Oil prices have also been affected by the ongoing tensions between the US and China, two of the world’s largest oil consumers. The ongoing trade disputes and sanctions have led to a decrease in oil imports from China, further weighing on prices.
Eyes on the Federal Reserve
With oil prices hovering below 1.3600, the upcoming Federal Reserve decision is crucial for the market’s direction. The Fed’s decision regarding interest rates and monetary policy will have a significant impact on the global economy and consequently, oil prices.
Currently, the Fed has kept interest rates near zero, and with the ongoing uncertainty in the market, it is expected to maintain this stance in the near future. However, any indication of a potential rate hike or reduction in economic stimulus could strengthen the US dollar and potentially cause a drop in oil prices.
On the other hand, if the Fed maintains its current stance and signals continued support for the economy, it could weaken the US dollar and provide some relief to oil prices.
Impact on Different Stakeholders
The drop in oil prices and the Fed’s upcoming decision have implications for different stakeholders in the market.
Oil Producers: The continued drop in oil prices is a cause of concern for oil-producing countries such as Saudi Arabia, Russia, and the US. These countries heavily rely on oil exports for their revenue, and a sustained decrease in prices will significantly affect their economies.
Oil Companies: The low oil prices could also challenge the financial stability of oil companies, particularly those with high debt levels. As prices remain low, these companies’ profitability will be impacted, and some may even face bankruptcy.
Consumers: On the other hand, low oil prices may benefit consumers, as it results in cheaper fuel prices and, therefore, lower gas costs. This can have a positive impact on consumers’ disposable income and potentially boost economic recovery.
Investors: With the current fluctuations in oil prices, investors need to carefully assess the market before making any investment decisions. It is essential to monitor the Fed’s decision and its impact on the market to make informed investment choices.
Practical Tips for Traders and Investors
As traders and investors navigate the constantly changing oil market, here are a few tips to consider:
– Stay informed: Keep yourself updated on the latest developments in the market, including OPEC decisions, economic data, and the Fed’s monetary policy.

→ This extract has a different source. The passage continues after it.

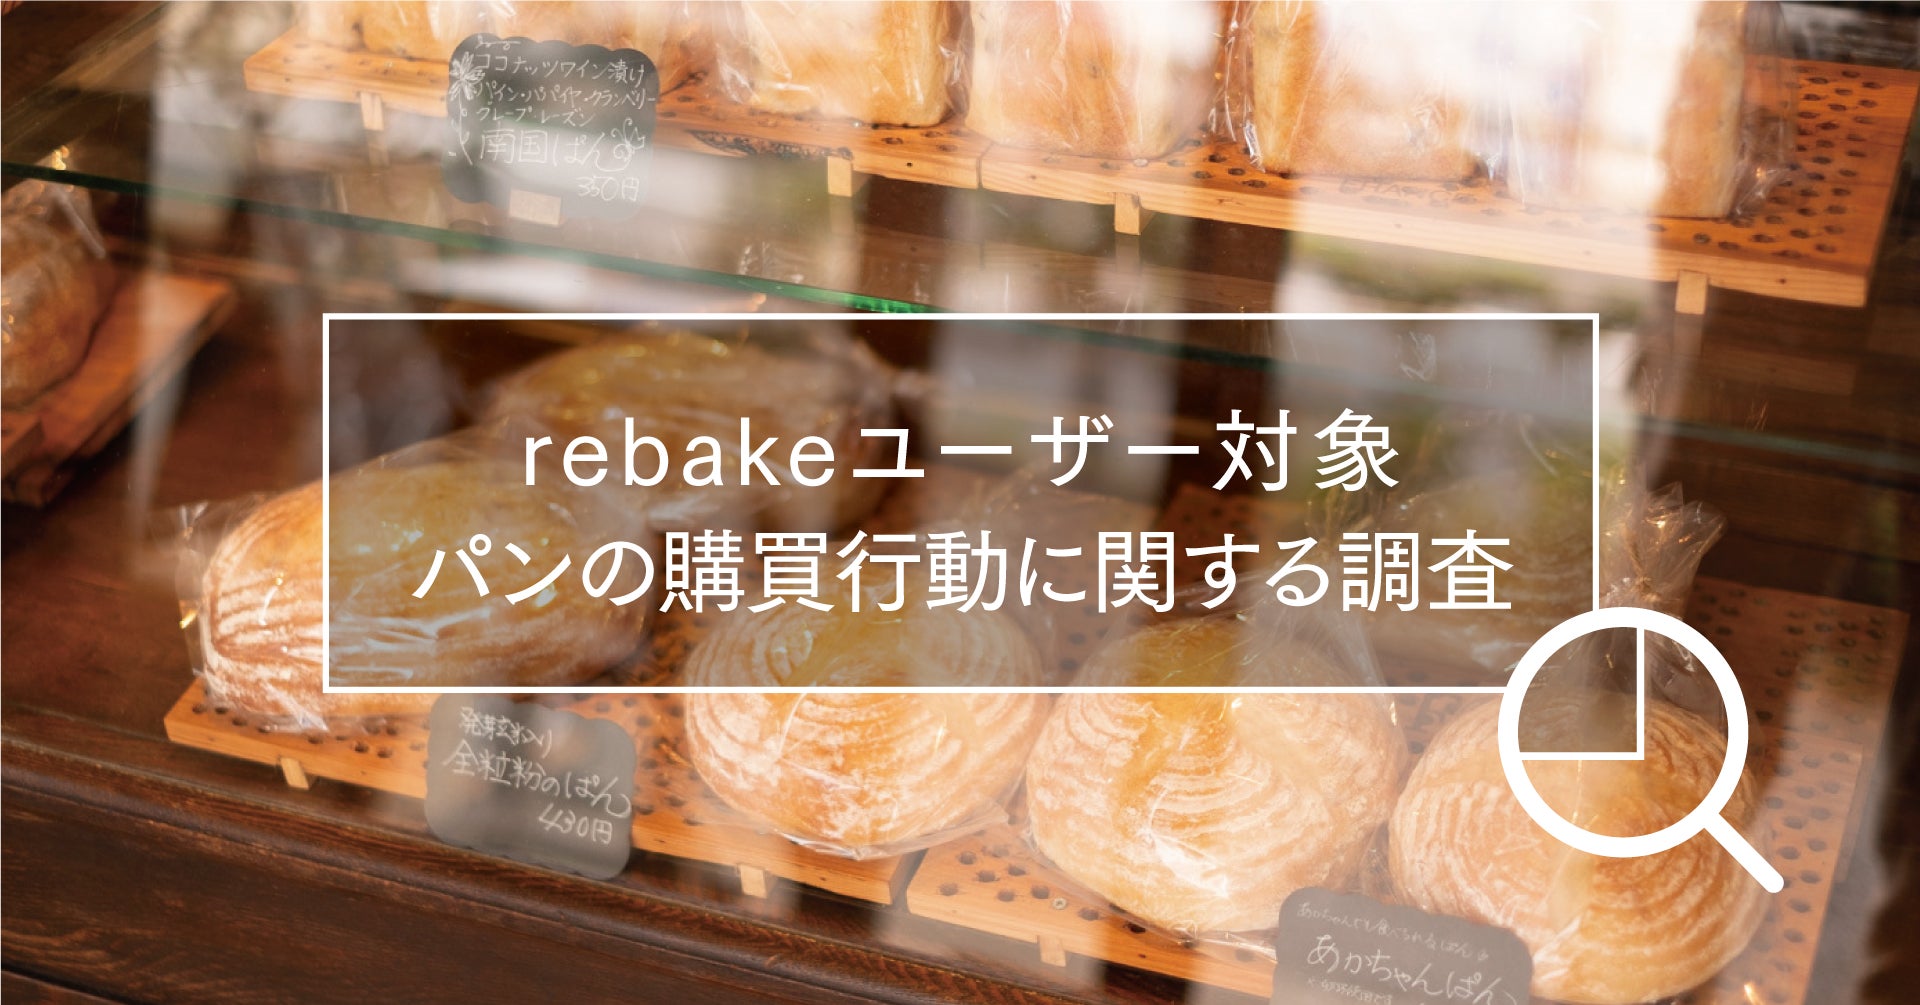 【rebake調査レポート】rebakeユーザーの75.8%が、旅先でもパン屋さんを訪問すると回答。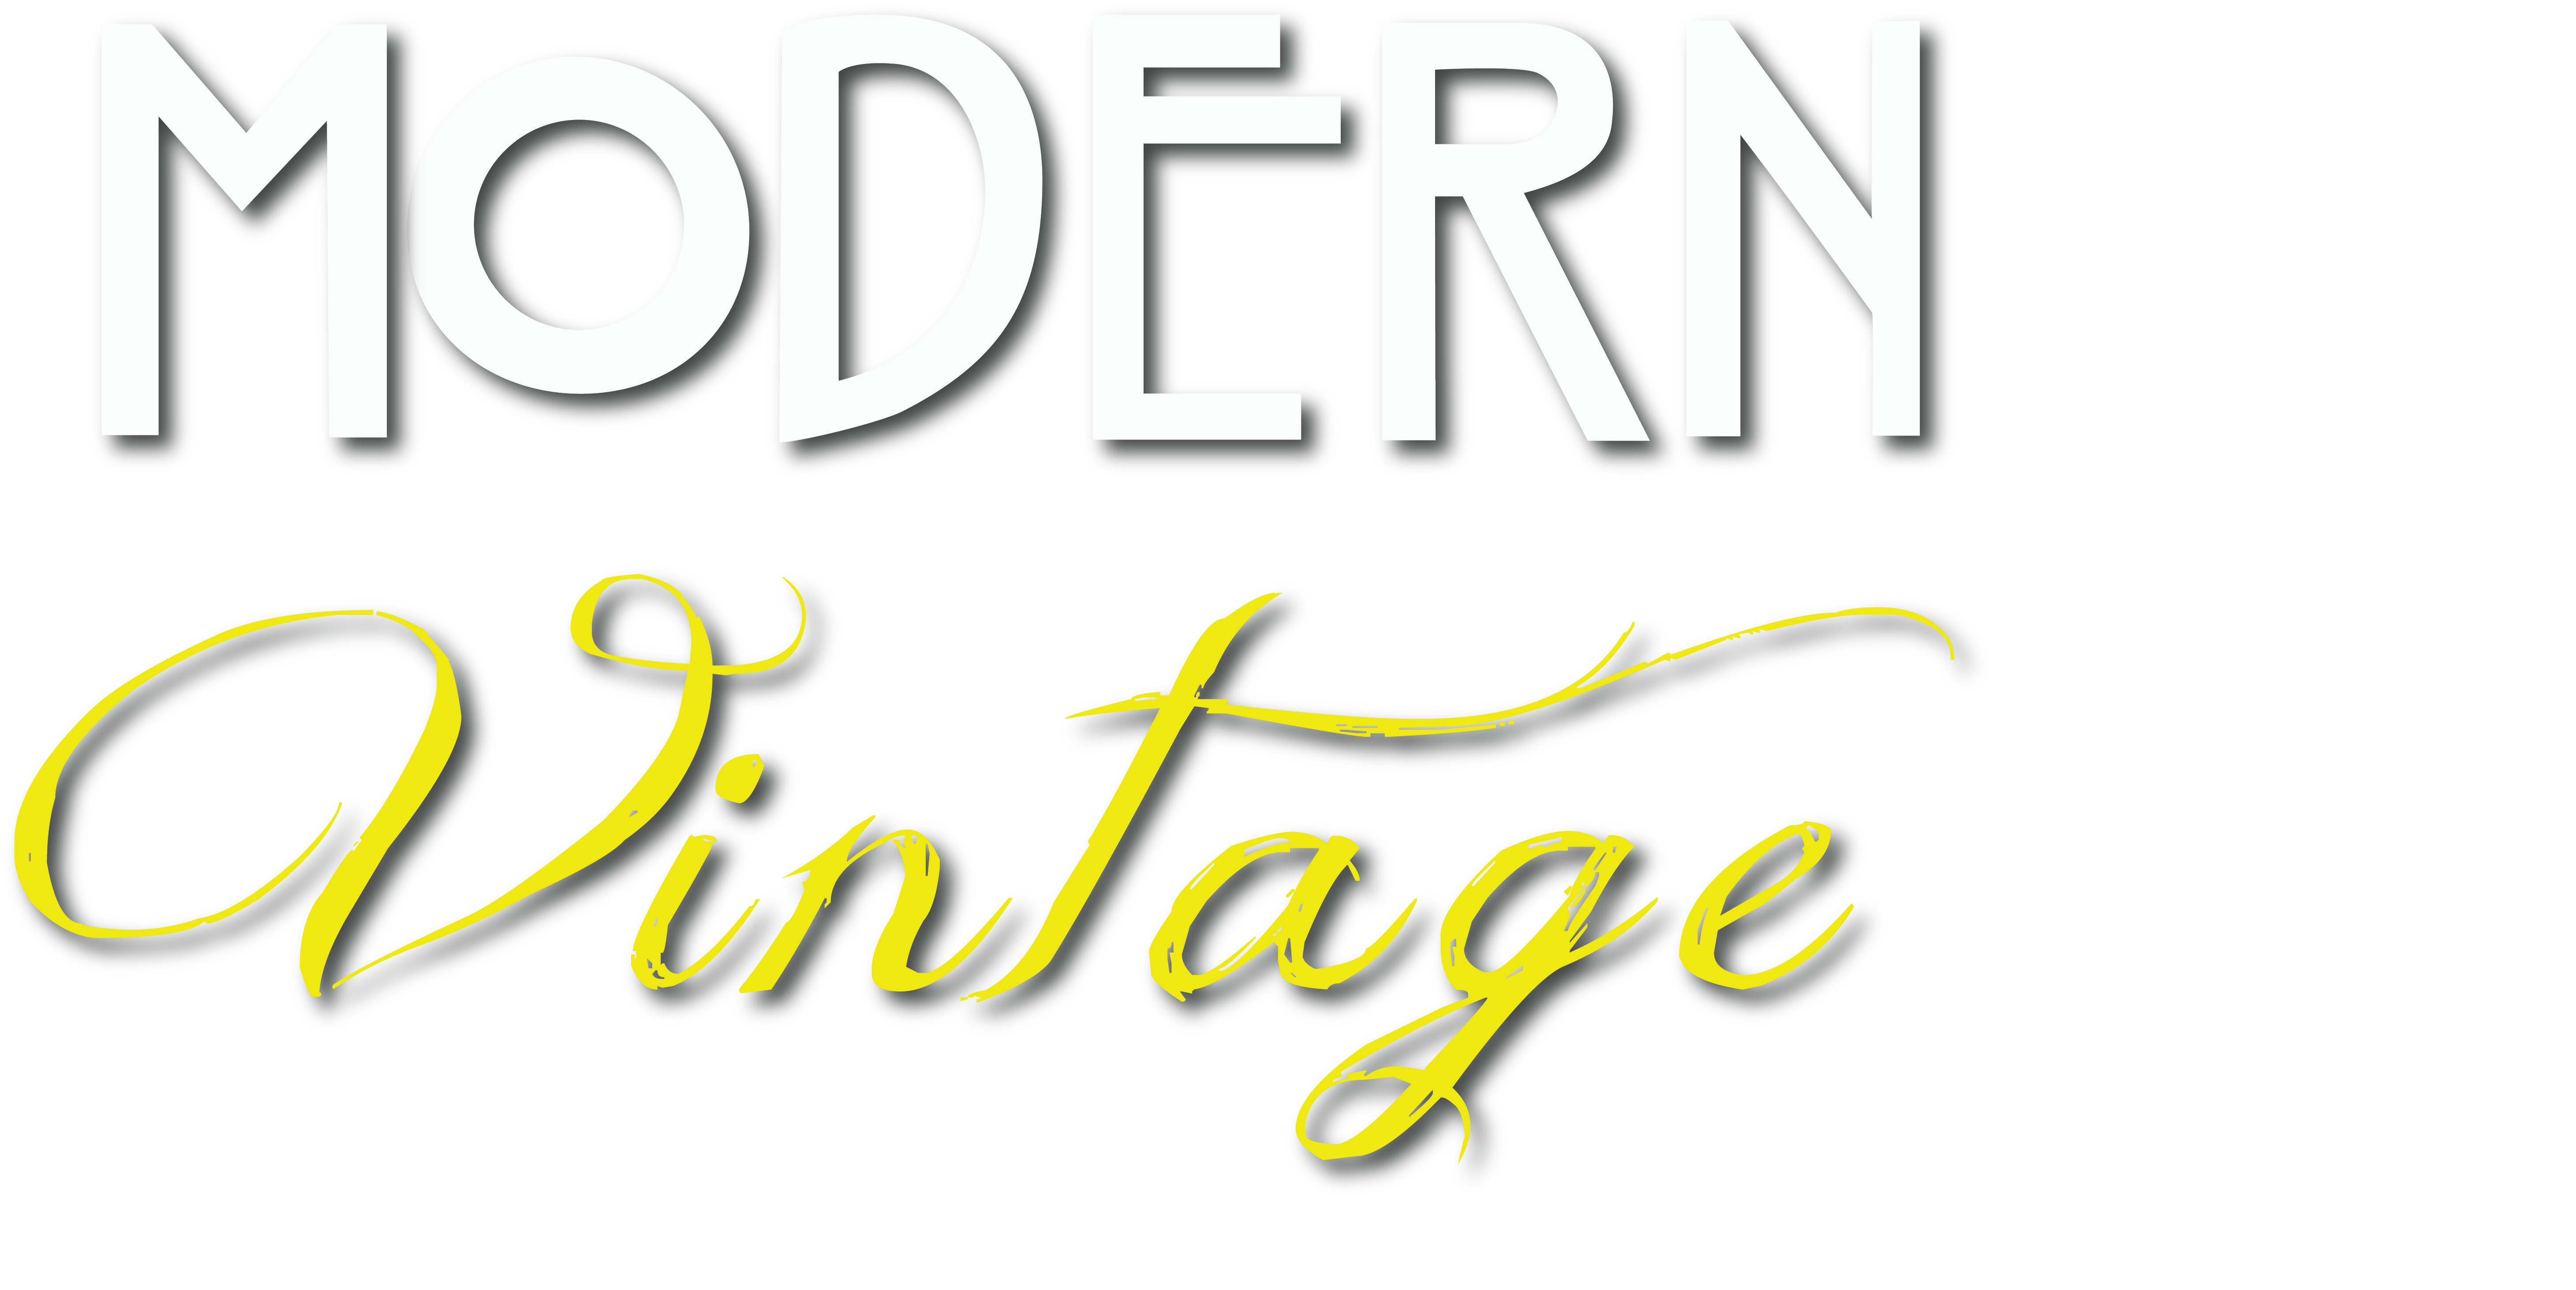 Modern Vintage<br>

– Diversify your portfolio: Invest in a mix of different assets to minimize risks and protect your portfolio from market fluctuations.
– Analyze market trends: Use technical and fundamental analysis to understand market trends and make informed investment decisions.
– Stay patient: With the current market volatility, it is essential to stay patient and not make impulsive decisions based on short-term price movements.
As oil prices continue to drop and hover below 1.3600, the Federal Reserve’s upcoming decision remains a crucial factor for the market’s direction. In addition, factors such as global demand, trade tensions, and the ongoing pandemic will continue to influence oil prices in the coming months. However, with the right information and strategies, traders and investors can navigate the market successfully. Remember to stay informed, diversify your portfolio, and analyze market trends to make the most of the current situation.